§ REQUIREMENT
Beginning with the line that includes "RetroSuperFuture Eyewear Farfetch Sale", return every remaining line of the material exactly as it reads, but not the pictures.

§ EXERCISE DATA
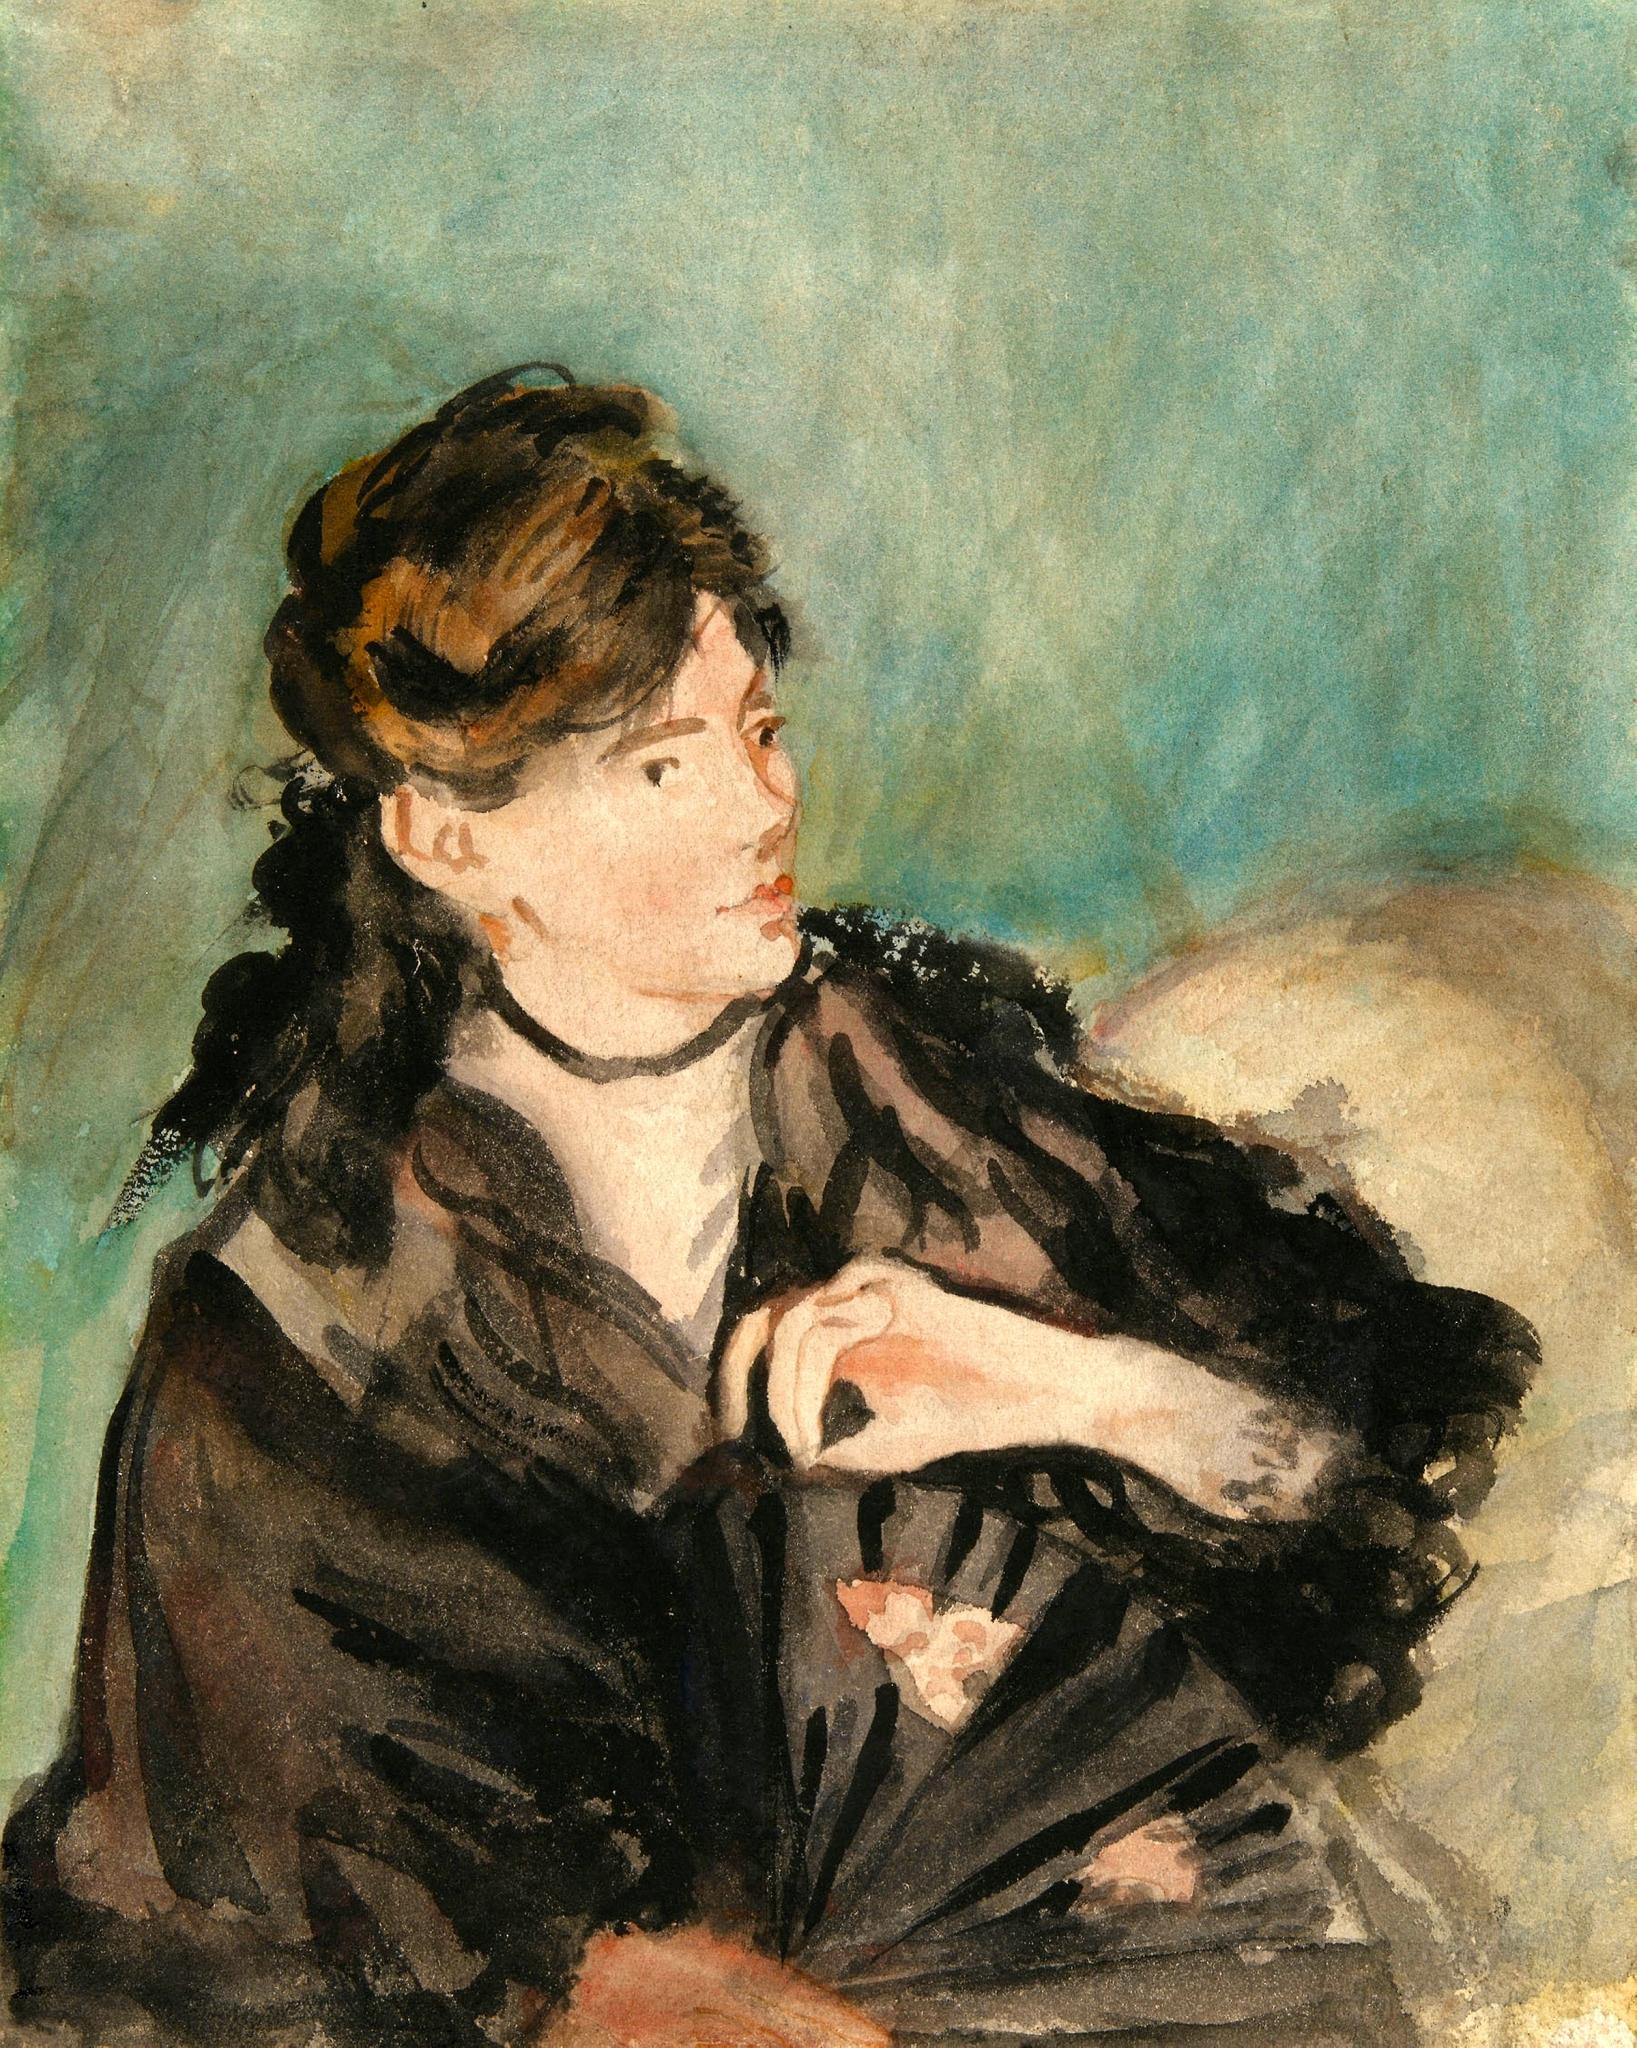 peinture, musée d'orsay, impressionnisme berthe morisot,
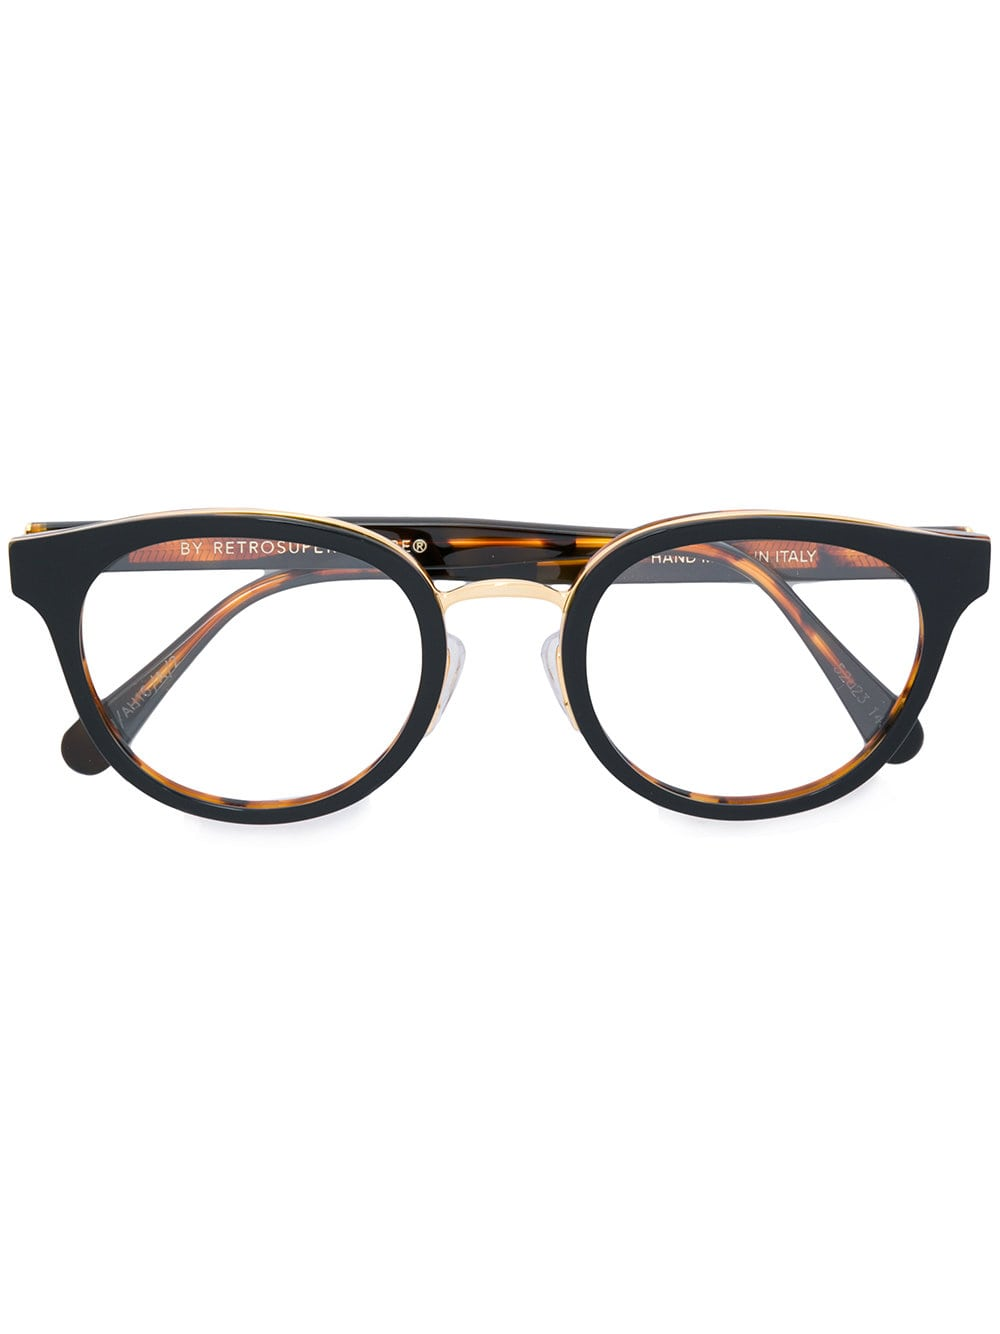 RetroSuperFuture Eyewear Farfetch Sale
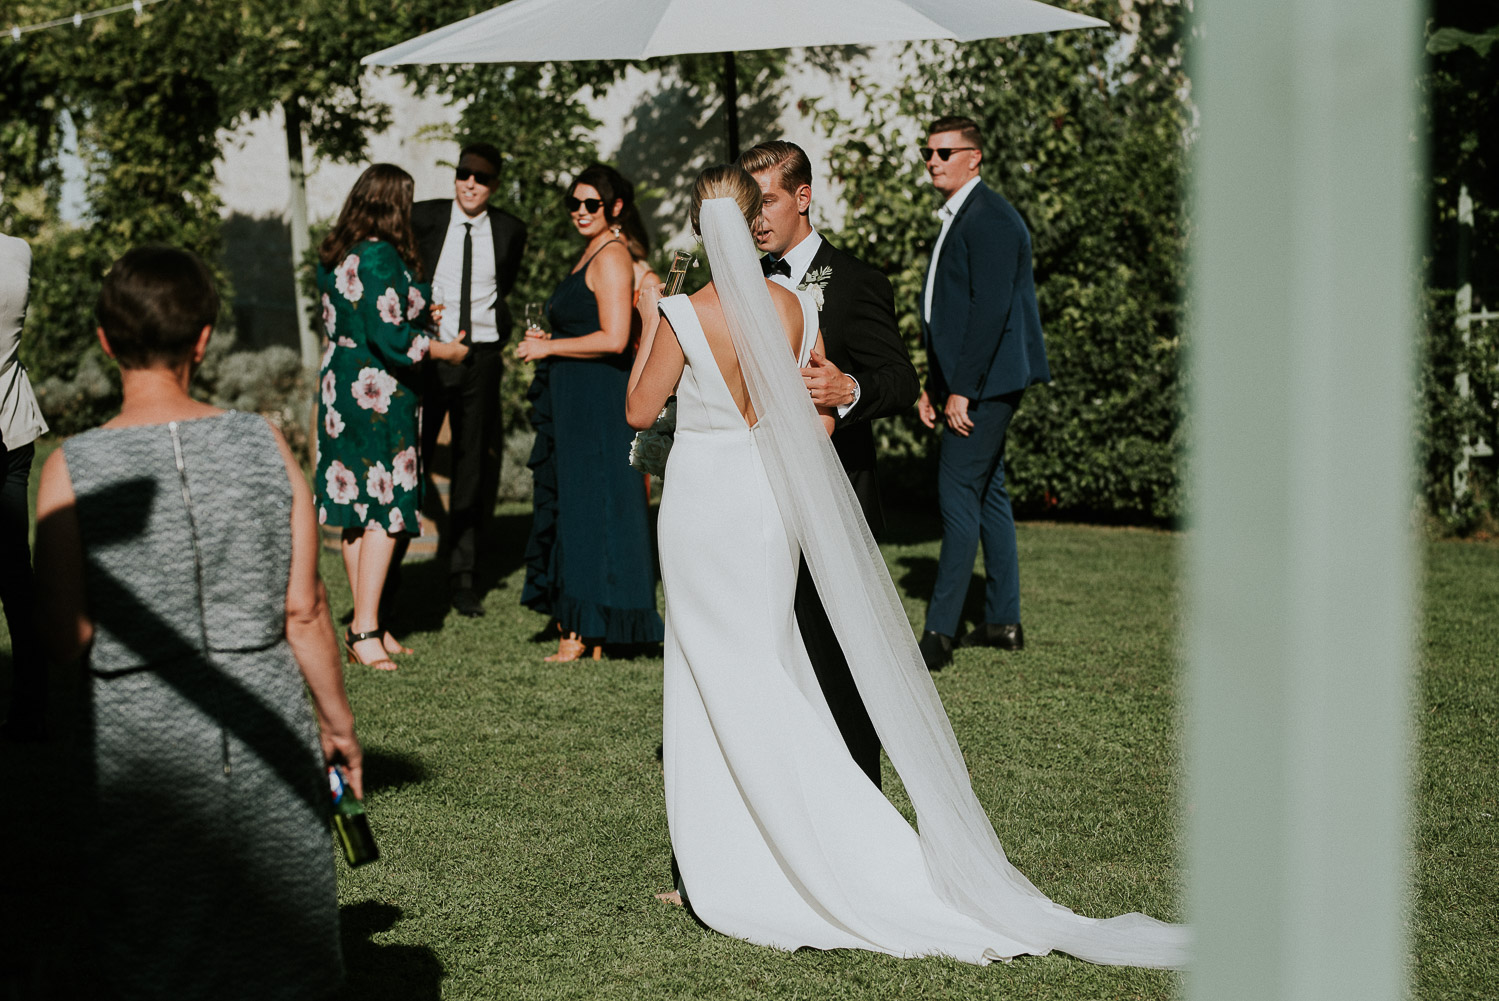 dordogne_eymet_wedding_france_katy_webb_photography_france_UK65

§ REPLY TO THE TASK
 RetroSuperFuture Eyewear Farfetch Sale
 dordogne_eymet_wedding_france_katy_webb_photography_france_UK65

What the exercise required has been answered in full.